Micro Tension

Veronica Rossi 4 Thursday, July 19, 2012

So far this week, we've been talking about tension on a macro-level: The Macguffin. Emotional and sexual tension. External tension, such as the ticking clock. 

I'd like to bring the discussion of tension down to the line by line level--defined by agent Donald Maass as micro-tension. Maass has a well-known exercise that he suggests to his students to learn about micro-tension. Here it is:

Print out your manuscript. (Yes, all of it.)
Stand in the middle of a room and throw it in the air. Woo hoo! (Duck and cover if you have to)
Then scoop the pages up and return them to a stack, keeping them in random order
Now, go through one page at a time, skimming to see if you feel tension

Do you? What do you see, now that you're reading your pages out of order? Are you succeeding, page by page in creating tension?

While the macro-level tension is an important part of the propulsion of a book, our reading experience actually happens line by line. A page-turner is a book that succeeds on both counts, macro and micro.

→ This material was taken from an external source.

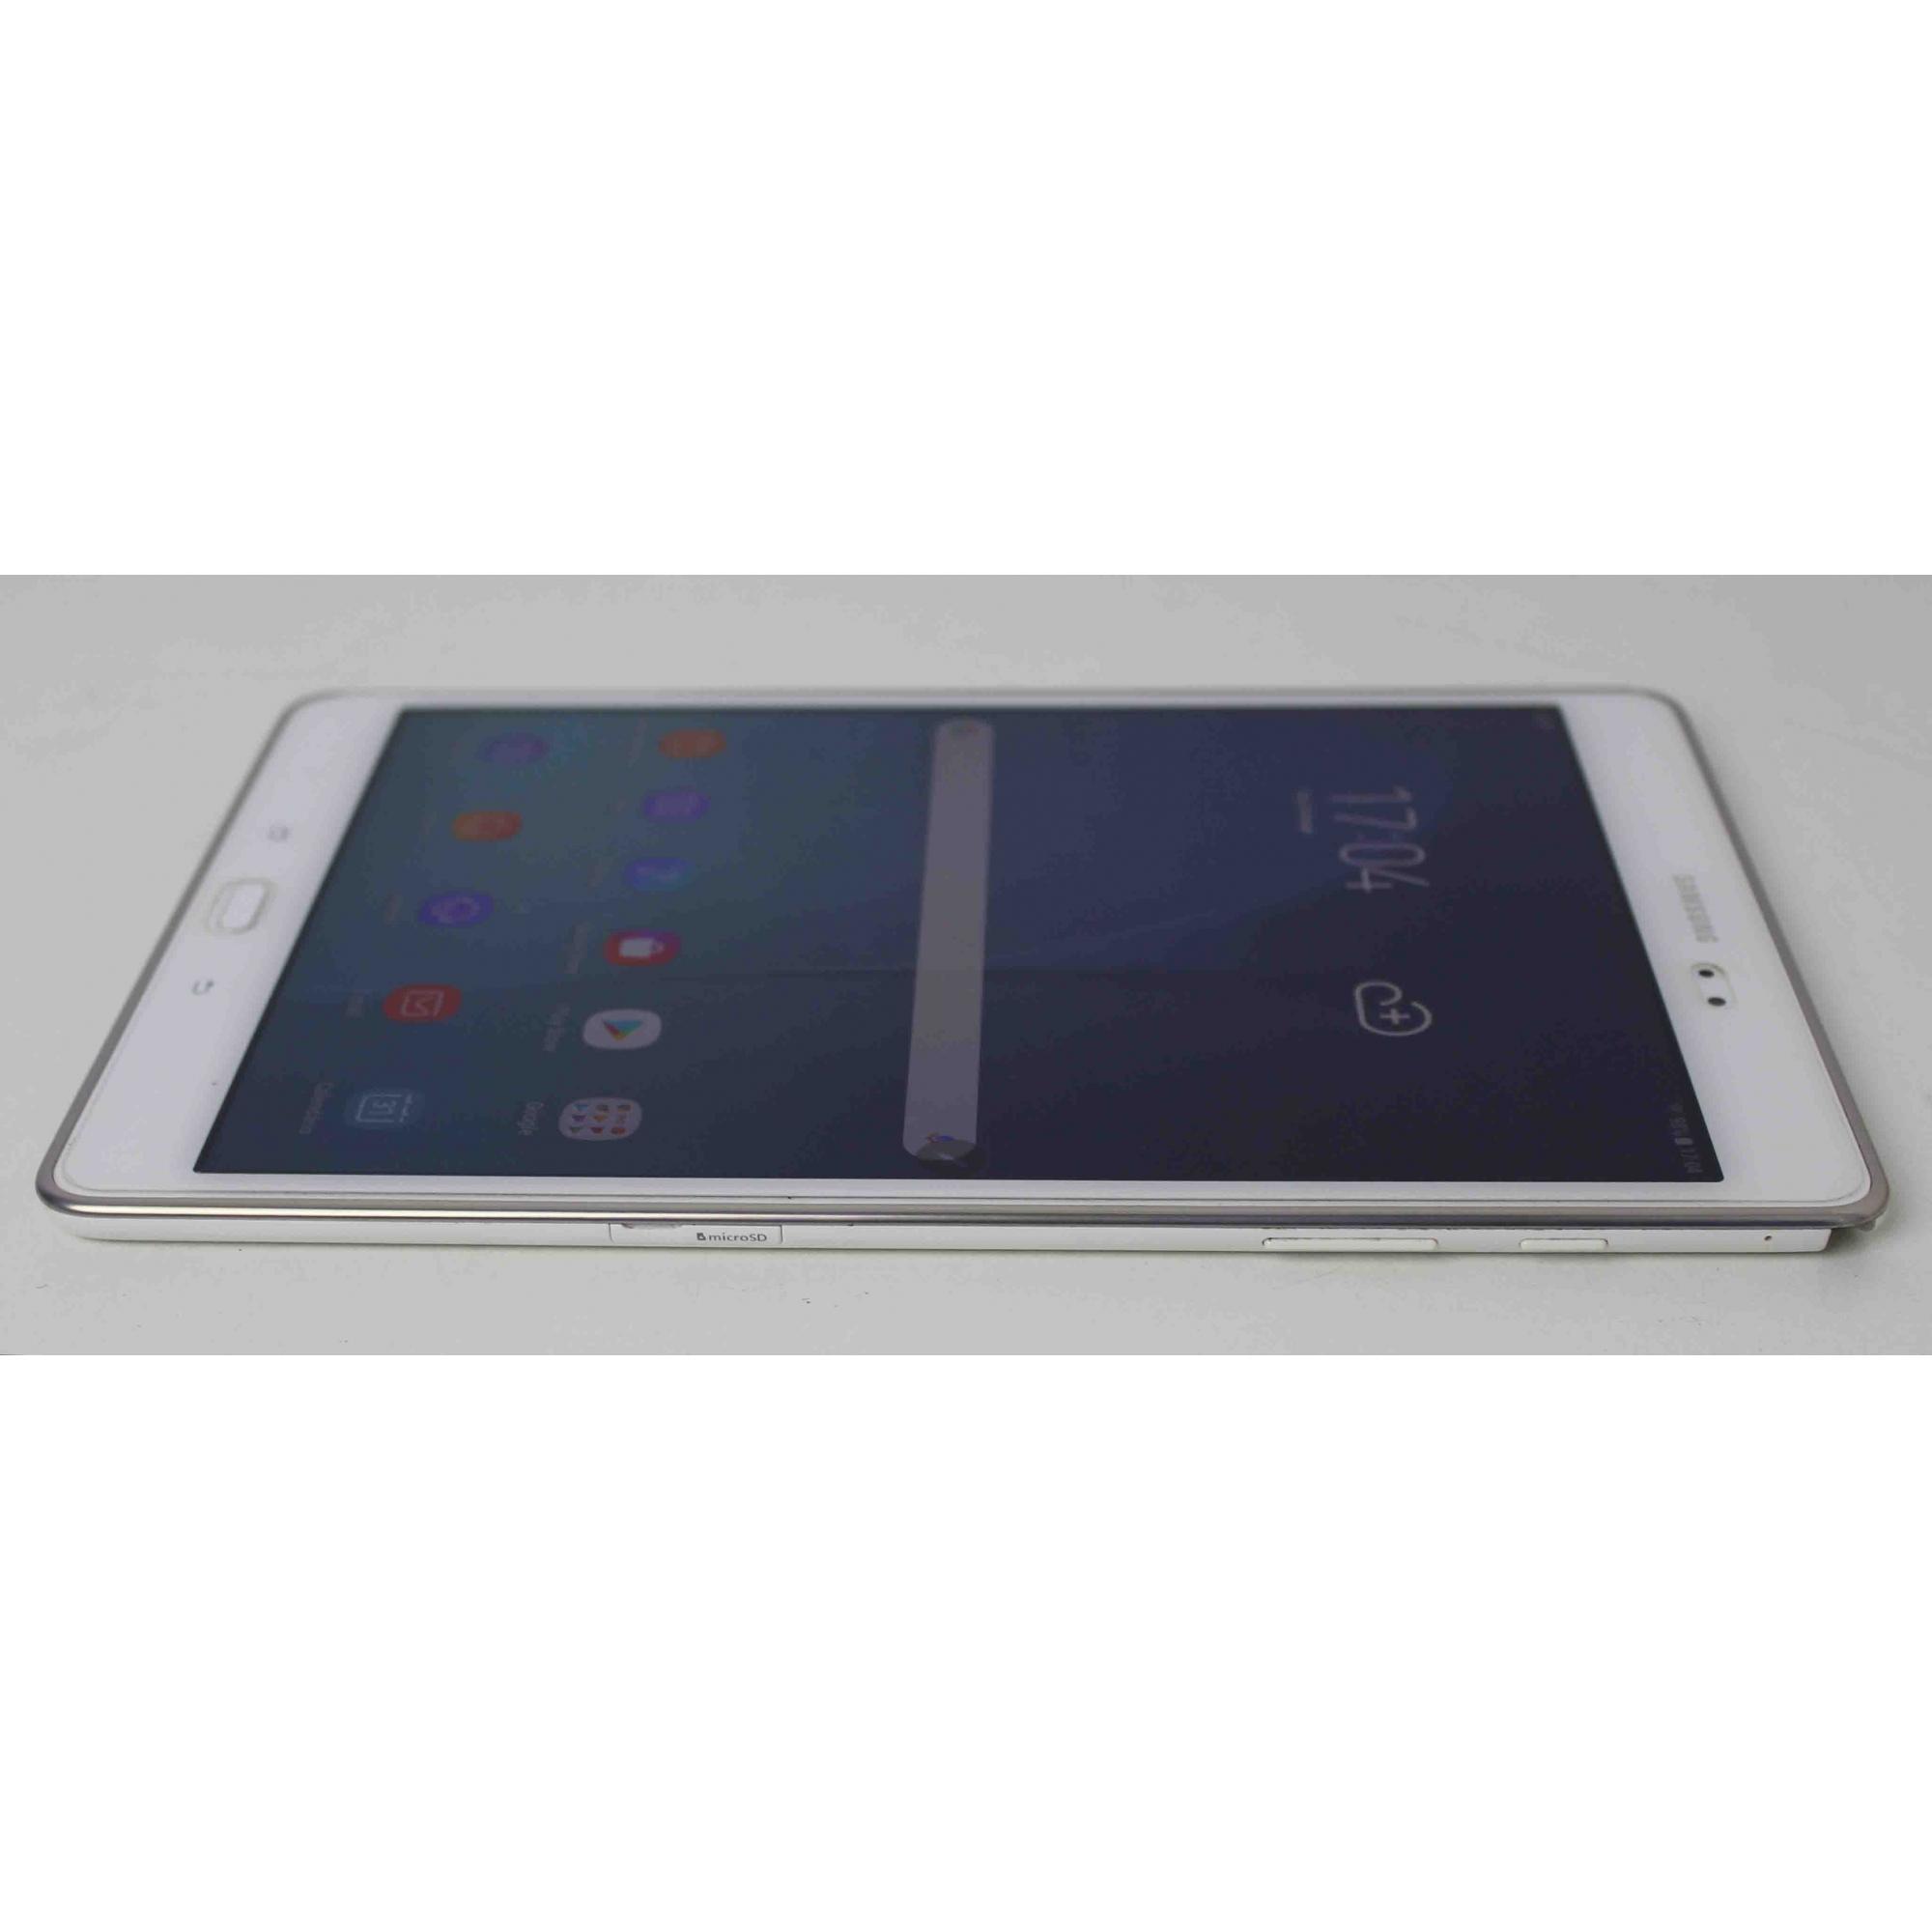 "Tablet Samsung Galaxy Tab A SM-P550 9.7"" 16GB - Wifi (Branco)"

If you do the above exercise, here are some of the things you may notice that add tension:
  • Disagreements (most dialogue, if done right, adds pace.)
  • Unanswered questions/contradictions (Character thinks, I love him, and says, "I hate you.")
  • Anticipation
  • One a technical level, short, pacey sentences can feel tense
  • Setting/Descriptions that are surprising, concise and emotional or that foreshadow can add tension

Here are the things you'll notice deplete tension:
  • Big, solid blocks of description
  • No dialogue
  • Telling statements/summary
  • Characters who are alone and/or lost in their thoughts
  • Characters hanging out with friends, having a good old time yukking it up

These are generalities. Of course you can have a scene with no dialogue that still feels tense (although it would be harder to do.) There are plenty of exceptions to the above, but I think you'll see that the central difference is that tension arises from a state of imperfection. The reader reads because they want to answer the question of whether order will be restored or not.

Now to gather those manuscript pages up....


True confessions: have you really printed out your whole document and scattered it to the four corners of the room?

It makes sense, though. I often get so distracted reading my book that I forget to fix it. Scrambling it would solve that problem.

Haha Beth :) I've done large sections. Like 100 pages at a time. I suppose I should have mentioned that you can do that above but it's not as exciting. The scramble really does help, though.

Hmm, interesting approach! Thanks for sharing: completely agree with what you say about what builds and what depletes tension.

I've a Donald Maass presentation and heard him suggest this. I can see the benefits, but I can't make myself do it. I suppose you could look at random page numbers and do the same test.